Em pesquisa paralela, cientistas na China estabeleceram uma coorte de 10 profissionais de saúde pediátrica que trabalham em um hospital infantil há mais de 10 anos e isolaram células imunológicas deles. Em comparação com 14 adultos saudáveis, a equipe descobriu que os títulos de anticorpos neutralizantes específicos para RSV nos pediatras eram mais de três vezes maiores do que aqueles em indivíduos sem exposição ocupacional a RSV/hMPV. A equipe então selecionou três pediatras com altos títulos neutralizantes para seu estudo.
Após análises adicionais, a equipe identificou três anticorpos monoclonais, denominados CNR2056, CNR2053 e CNR2047. Descobriu-se que CNR2056 e CNR2053 neutralizam as cepas A e B do RSV, enquanto CNR2047 neutralizou tanto RSV quanto hMPV. Todos exibiram potente atividade neutralizante quando caracterizados quanto à ligação e neutralização.

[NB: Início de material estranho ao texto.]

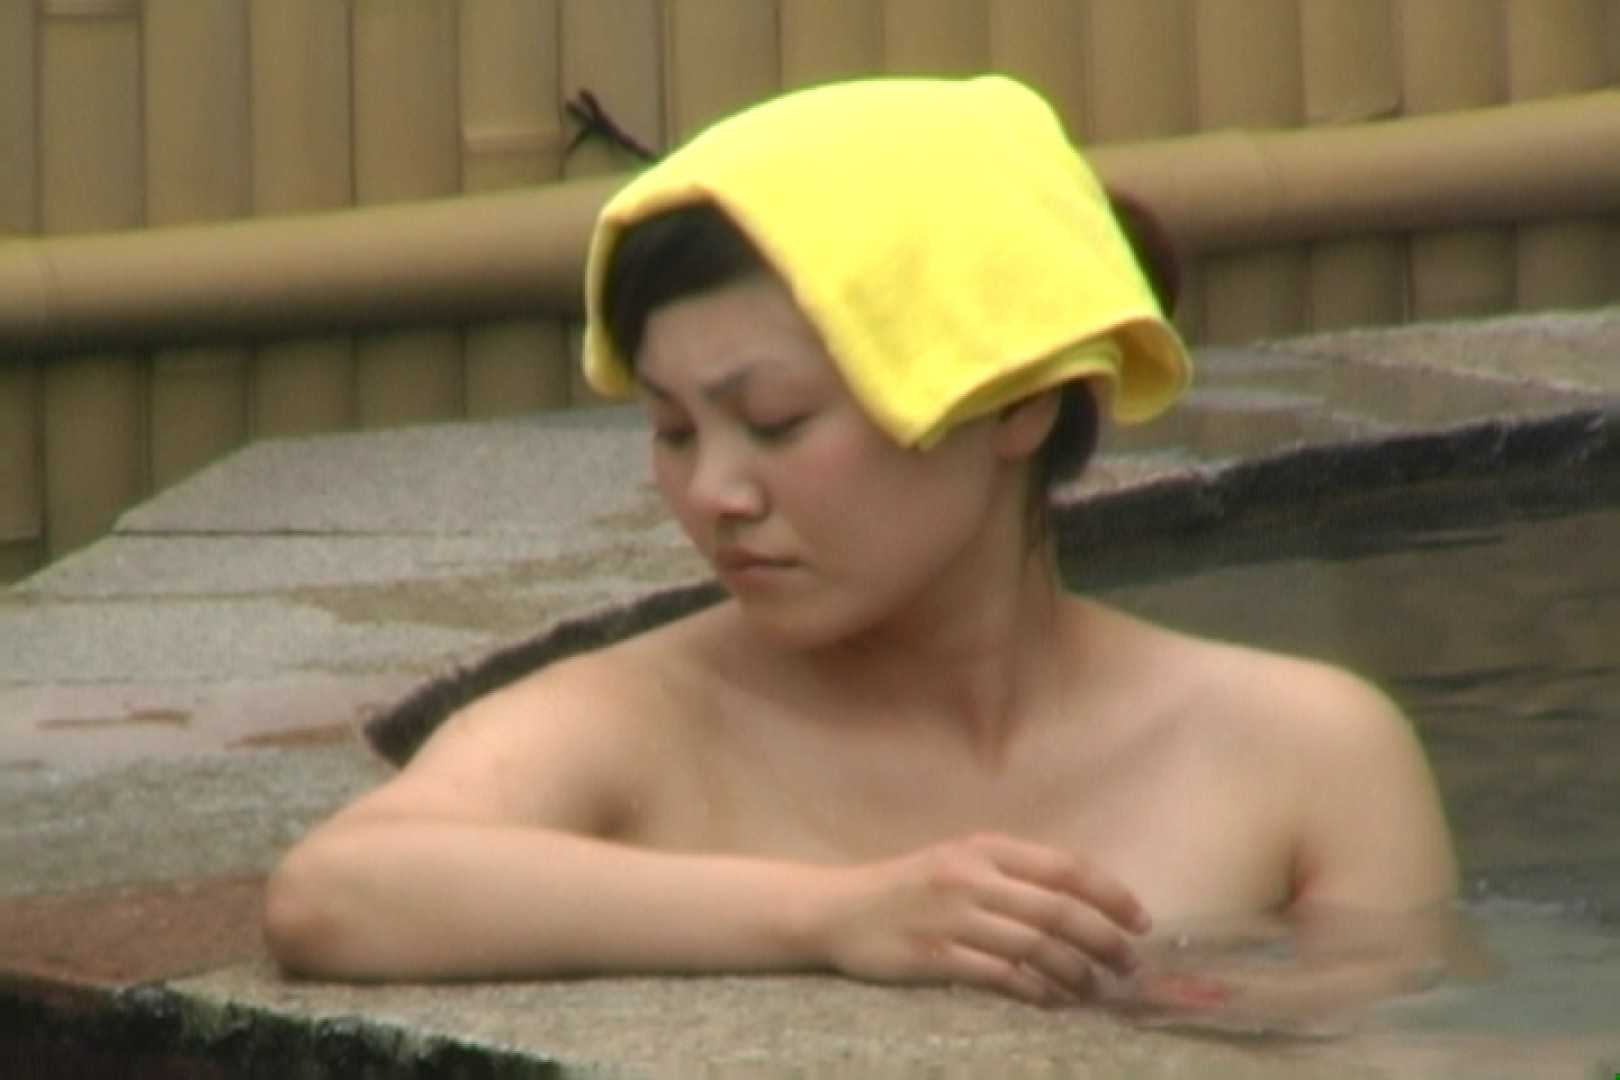 Aquaな露天風呂Vol.621 露天風呂編 | 盗撮シリーズ  106PIX 63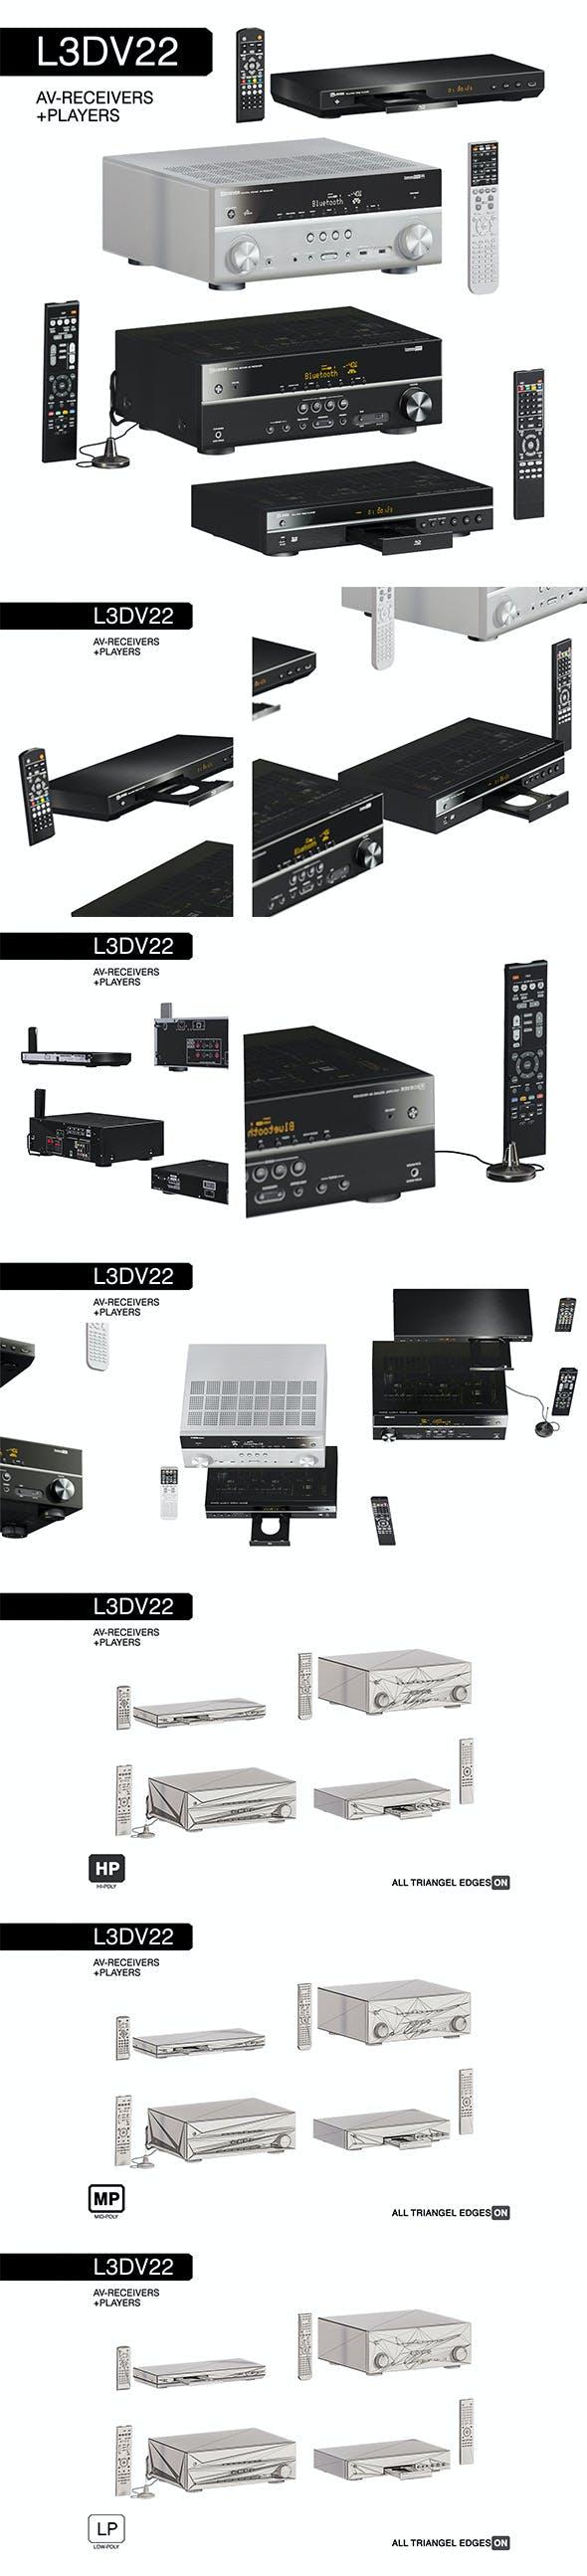 L3DV22G01 - av-receivers players rcs set - 3DOcean Item for Sale

Estudos em animais, realizados em ratos-cotia e camundongos, mostraram que CNR2056 e CNR2053 proporcionaram proteção profilática contra RSV em ratos-cotia. Enquanto um anticorpo de referência alcançou títulos virais reduzidos ou eliminação viral completa em uma dose máxima de 2 mg/kg, CNR2053 e CNR2056 permitiram a eliminação viral em doses menores, de 1 e 0,5 mg/kg, respectivamente. Quando a equipe testou a eficácia do CNR2047 em ratos-cotia, observou uma replicação viral mais de 100 vezes reduzida em duas cepas de RSV. Estudos de hMPV com CNR2047 resultaram em proteção completa contra a infecção por hMPV nos pulmões de camundongos e em uma redução dependente da dose na inflamação pulmonar.
A combinação dos anticorpos monoclonais em coquetéis ampliou a cobertura e reduziu o risco de variantes de escape. Os pesquisadores esperam expandir seu trabalho, e ensaios clínicos em humanos serão necessários antes que essas terapias preventivas se tornem disponíveis.
Embora existam vacinas contra RSV, elas atualmente são aprovadas apenas para idosos, pois as vacinas pediátricas enfrentaram desafios de segurança associados a riscos de doença respiratória exacerbada. Atualmente, não existem terapias ou profiláticos aprovados para hMPV.